FACT CHECK: Did The National Debt Increase By 7 Trillion Under Donald Trump’s Presidency?

Anna Mock | Fact Check Reporter

Former New Jersey Gov. Chris Christie claimed the national debt has increased by $7 trillion under Donald Trump’s presidency in an interview with NBC News’ Kristen Welker. 

Verdict: True 

Trump raised the national debt by $7.8 trillion during his tenure in office, mostly spearheaded by pandemic relief efforts and the 2017 Tax Cuts and Jobs act.

Fact Check: 

During the second Republican debate last Wednesday, Christie claimed Trump added $7 trillion to the national debt, according to Mediaite. Gov. Ron DeSantis, too, made the same claim during the debate, and also attacked Trump for not being present that night, The Washington Examiner reported.

A few days prior, Christie made the claim during an interview with Welker. “Kristen, he said he’s going to balance the budget in four years and he added $7 trillion to the national debt, the worst record of any president in four years in American history,” he said.

The claim is accurate. The U.S. saw  a $7.8 trillion rise in the national debt during Trump’s presidency, according to the Fiscal Data, a website maintained by the Treasury Department. On January 20, 2017, the day Trump took office, the debt was $19,947,304,555,212.49. On January, 20, 2021, the day he left office, the debt was $27,751,896,236,414.77. 

CNN also reported on the statistic in January 2021. A spokesperson for the Cato Institute directed Check Your Fact to a blog post on the institute’s website when asked to comment. 

“When President Trump left the White House, the deficit had reached the largest peacetime level as a share of the economy, in U.S. history, as the federal debt exceeded 100 percent of the economy for the first time since World War II,” the blog post reads. 

The post also referenced a report from the Manhattan Institute, which shows a figure that legislative and White House costs were nearly $8 trillion.

“President Trump signed legislation and approved executive actions costing $7.8 trillion over the decade—compared to $5.0 trillion for President Obama and $6.9 trillion for President Bush, and he enacted these costs in just a single four‐​year presidential term, compared to his predecessors’ eight years in the Oval Office,” the report reads. (RELATED: Is Donald Trump Unable To Purchase Firearms Due To His Felony Indictments?)

The report states that pandemic relief-based legislation, most of it being done in 2020, added $3.9 trillion alone with most funds being used for the Paycheck Protection Program and stimulus payments for families.

The 2017 Tax Cuts and Jobs Act added another $1.9 trillion by reducing the corporate tax rate and other changes to the tax code, which was hinted at by the Congressional Budget Office in 2019.

“All in all, President Trump signed expensive legislation and left even modest future budget savings increasingly dependent on assumptions of faster economic growth, declining interest rates, and technical savings such as slower growth of health care costs,” the report concludes. “President Trump leaves a federal budget with surging debt, unprecedented peacetime deficits, and a daunting $112 trillion baseline shortfall over the next three decades.”

ProPublica, an independent and non-profit investigative journalism outlet, wrote in January 2021 that projections from the Congressional Budget Office had increased the federal budget deficit from 2 to 3% in January 2017 to 4.6% in 2019. The report suggested federal deficits were approximately 130% to the U.S. Gross Domestic Product on Dec. 31, 2020.

“Trump had the third-biggest primary deficit growth, 5.2% of GDP, behind only George W. Bush (11.7%) and Abraham Lincoln (9.4%).
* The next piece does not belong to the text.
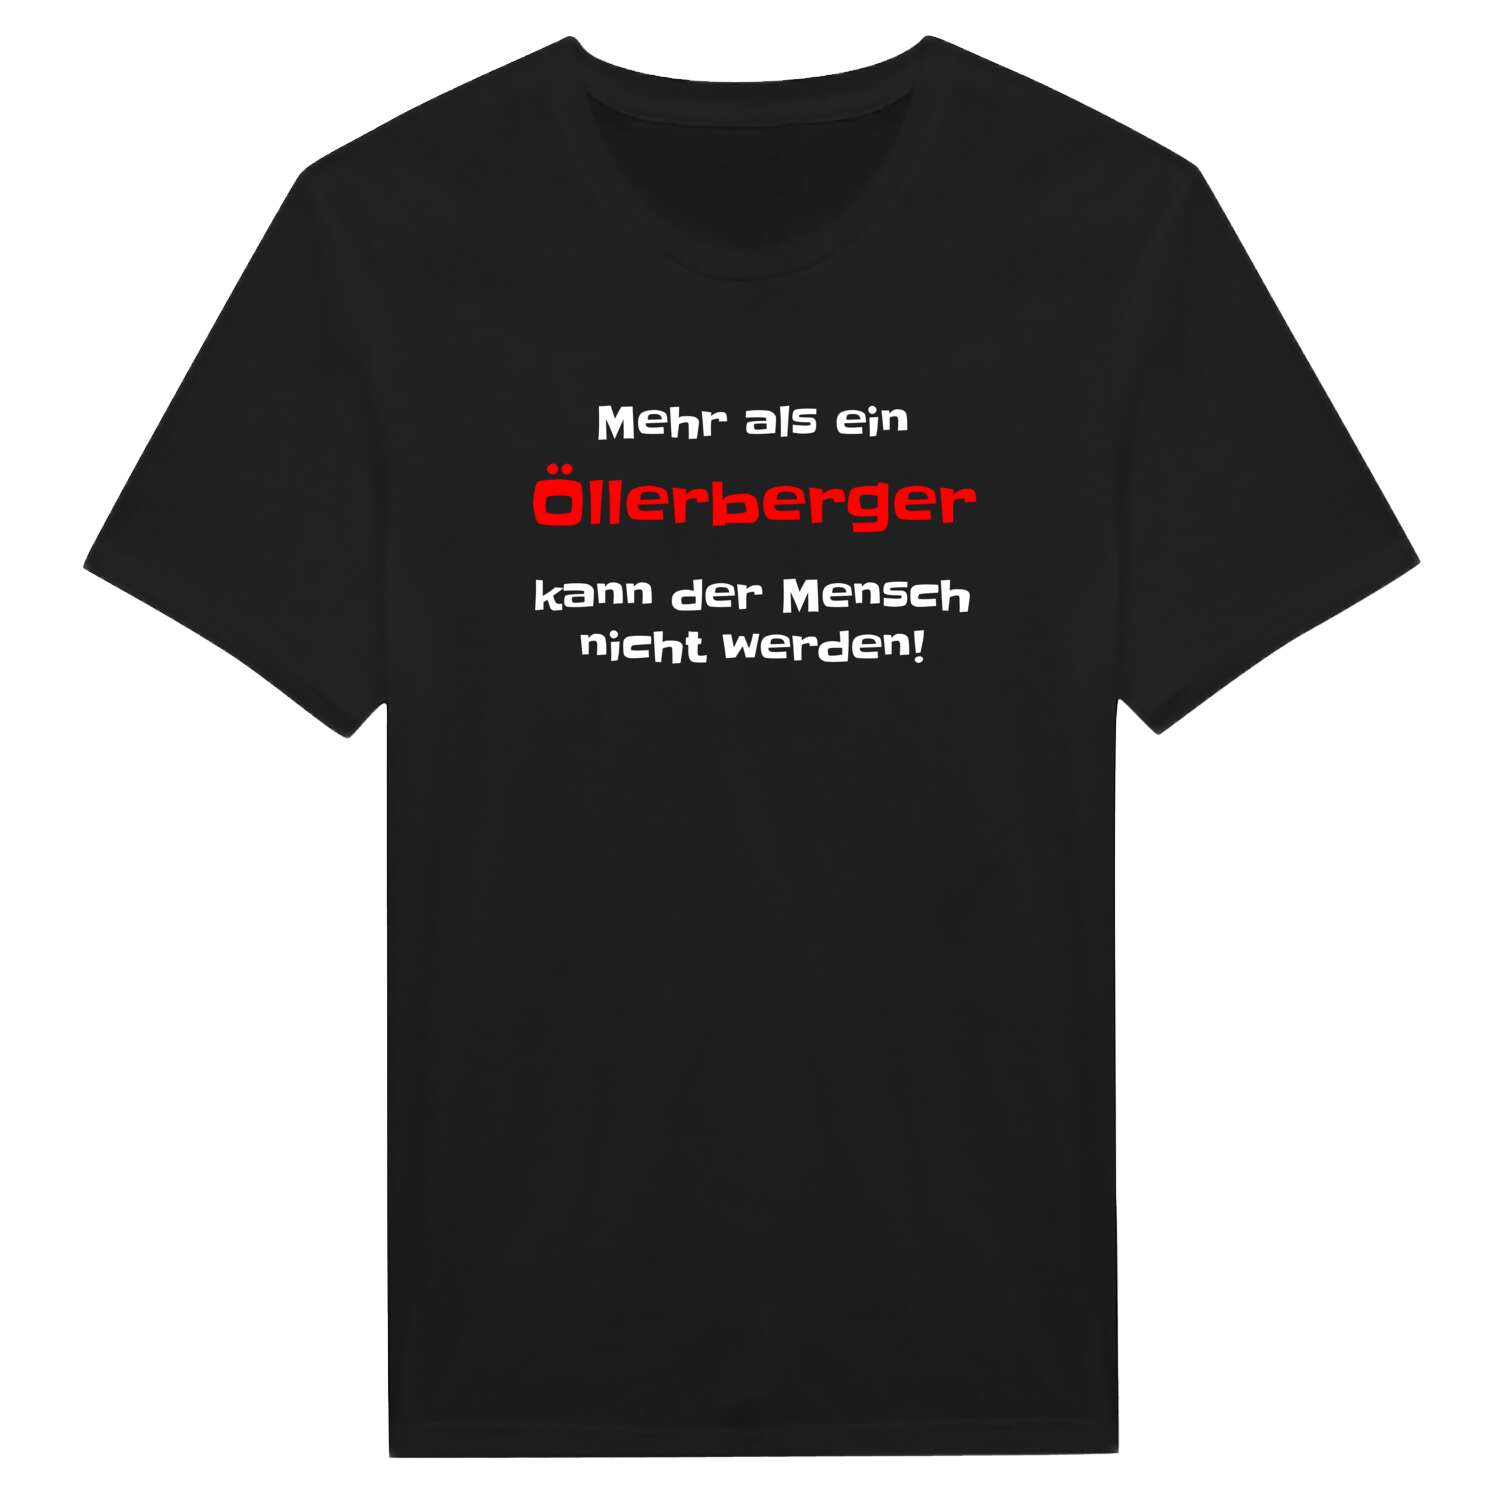 Öllerberg T-Shirt »Mehr als ein«

Bush, of course, not only passed a big tax cut, as Trump has, but also launched two wars, which greatly inflated the defense budget,” the article states. “Lincoln had to pay for the Civil War. By contrast, Trump’s wars have been almost entirely of the political variety.”

Check Your Fact has reached out to Christie and multiple economic think tanks for comment and will update this piece if responses are provided.